DNA Fragmentation, FSHR, G919A, A2039G, Male Fertility

1. Introduction

In developed countries, 10% - 15% of married couples encounter infertility. Up to 50% of all infertility occurs in the male, while approximately 20% of cases have male as well as female causes [1] [2] . Approximately 32% of male factors are believed to be genetic in nature [3] [4] .

DNA fragmentation is defined as diminished or essential absence of chromatin compaction in nuclei of spermatozoa, and has for years been under investigation as a possible cause of reduced male fertility [5] -[7] . Sperm maturation failures can cause DNA breaks during spermatogenesis, which are apparent in ejaculated sperm. Controlling gene mutations for stages of spermatogenesis can, therefore, lead to minor abnormalities in semen motility/morphology and function to complete absence of cells in seminiferous tubules (sertoli cell only syndrome) [8] .
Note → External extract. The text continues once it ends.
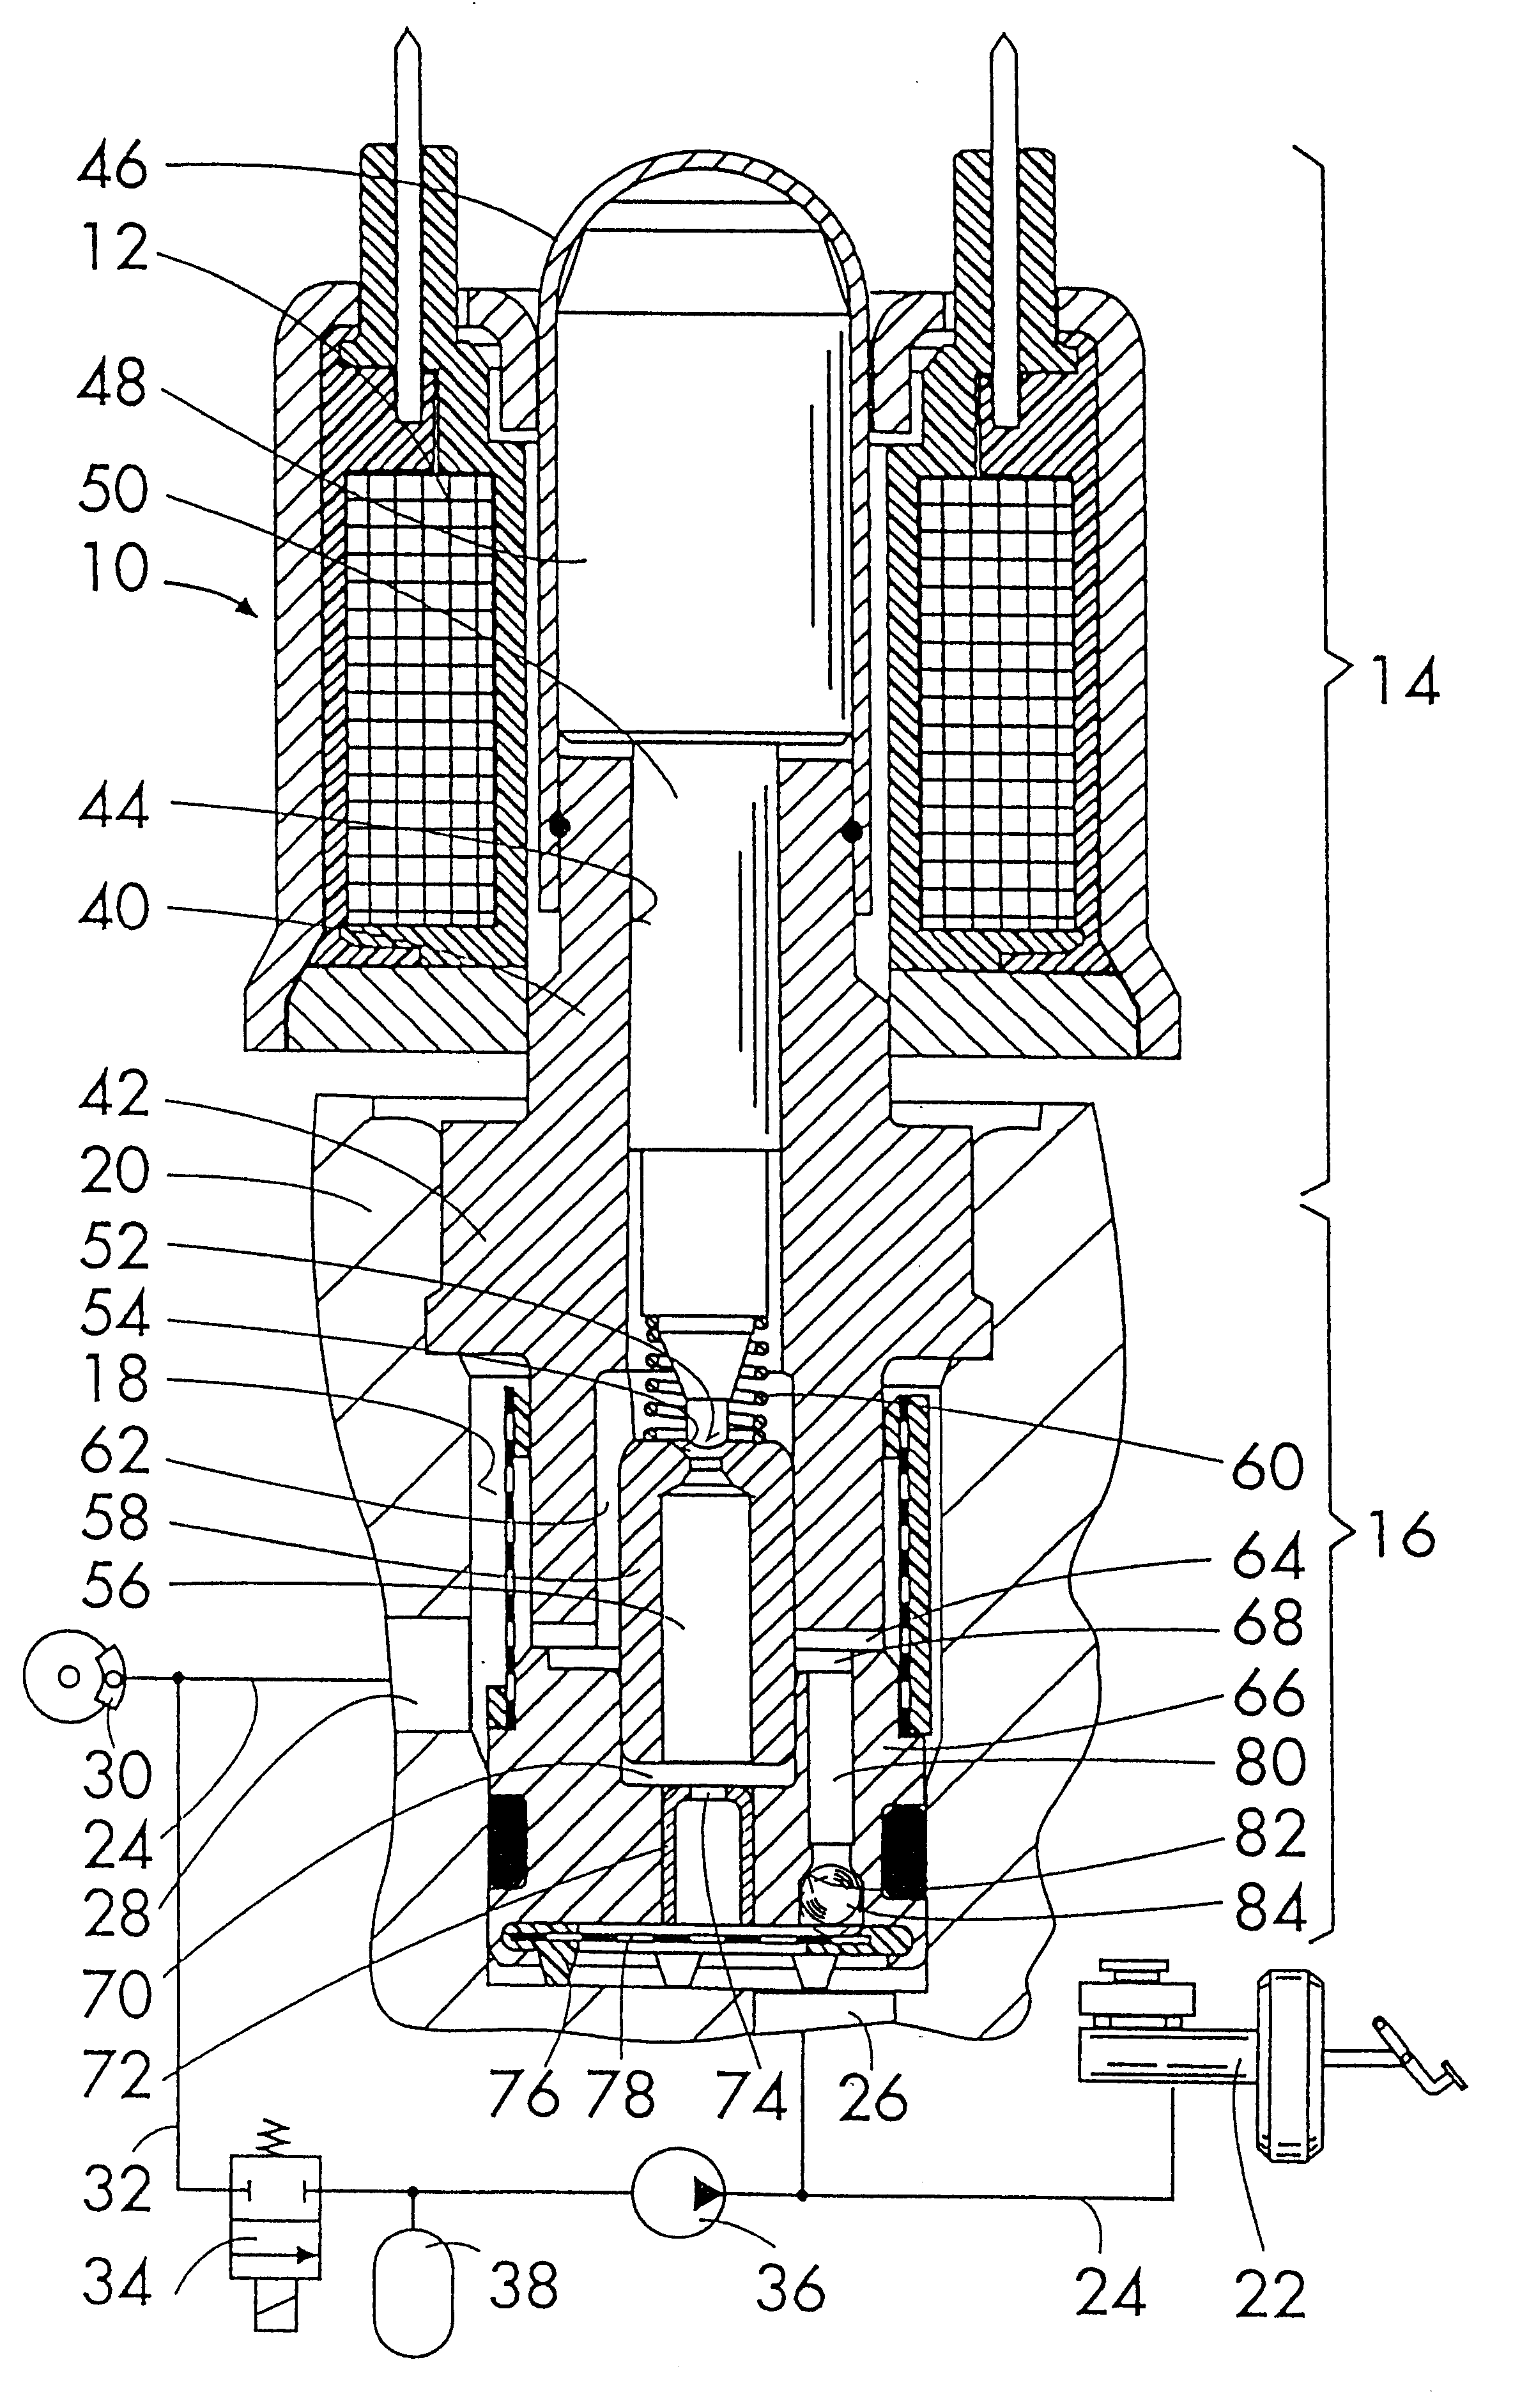 Magnet valve for a slip-controlled hydraulic vehicle brake system

Follicle stimulating hormone (FSH), luteinizinghormone (LH) and testosterone are the major hormones influencing sperm formation/maturation. FSH does not induce the process of spermatogenesis, but is necessary for formation of mature spermatozoa, with the FSH beta-subunit, known as the follicle stimulating hormone gene beta polypeptide (FSHB, 11p13) determining reproductive function [9] [10] . The follicle stimulating hormone receptor gene (FSHR, 2p21), located on the surface of cells of ovaries and testicles, defines the receptor response to FSH [11] .

Almost 150 polymorphic variants of the FSHR gene are currently under investigation in men and women. Polymorphisms of the FSHR gene have been associated with increases of FSH, decreases of progesterone and with decreasing sperm concentrations in semen; effects of single nucleotide polymorphisms (SNP) have also been investigated [12] -[16] . Specifically, variants G919A and A2039G, located in exon 10 of the FSHR gene, have been studied in regard to regulation of spermatogenesis, ovarian follicle development and estrogen synthesis [17] .

The aim of this study was to investigate two FSHR gene polymorphisms G919A (Ala307Thr) and A2039G (Asn680Ser) in Eastern Ukrainian Caucasian men with abnormally low fertility.

2. Materials and Methods

This study was performed at the Center of Human Reproduction (“Clinic of Professor Feskov,” Kharkov, Ukraine). In the study, all included patients signed an informed consent. The Institutional Review Board of the center approved both the study protocol and informed consent. Seventy-one couples with diagnosis of male factor infertility participated in the study between 4th quarter 2013 and 2nd quarter 2014. Blood (10 ml) of the 71 men (ages 22 - 45 years) was obtained via routine draw for karyotyping and molecular genetic analysis. In 11 azoospermic patients, there was no semen evaluation possible.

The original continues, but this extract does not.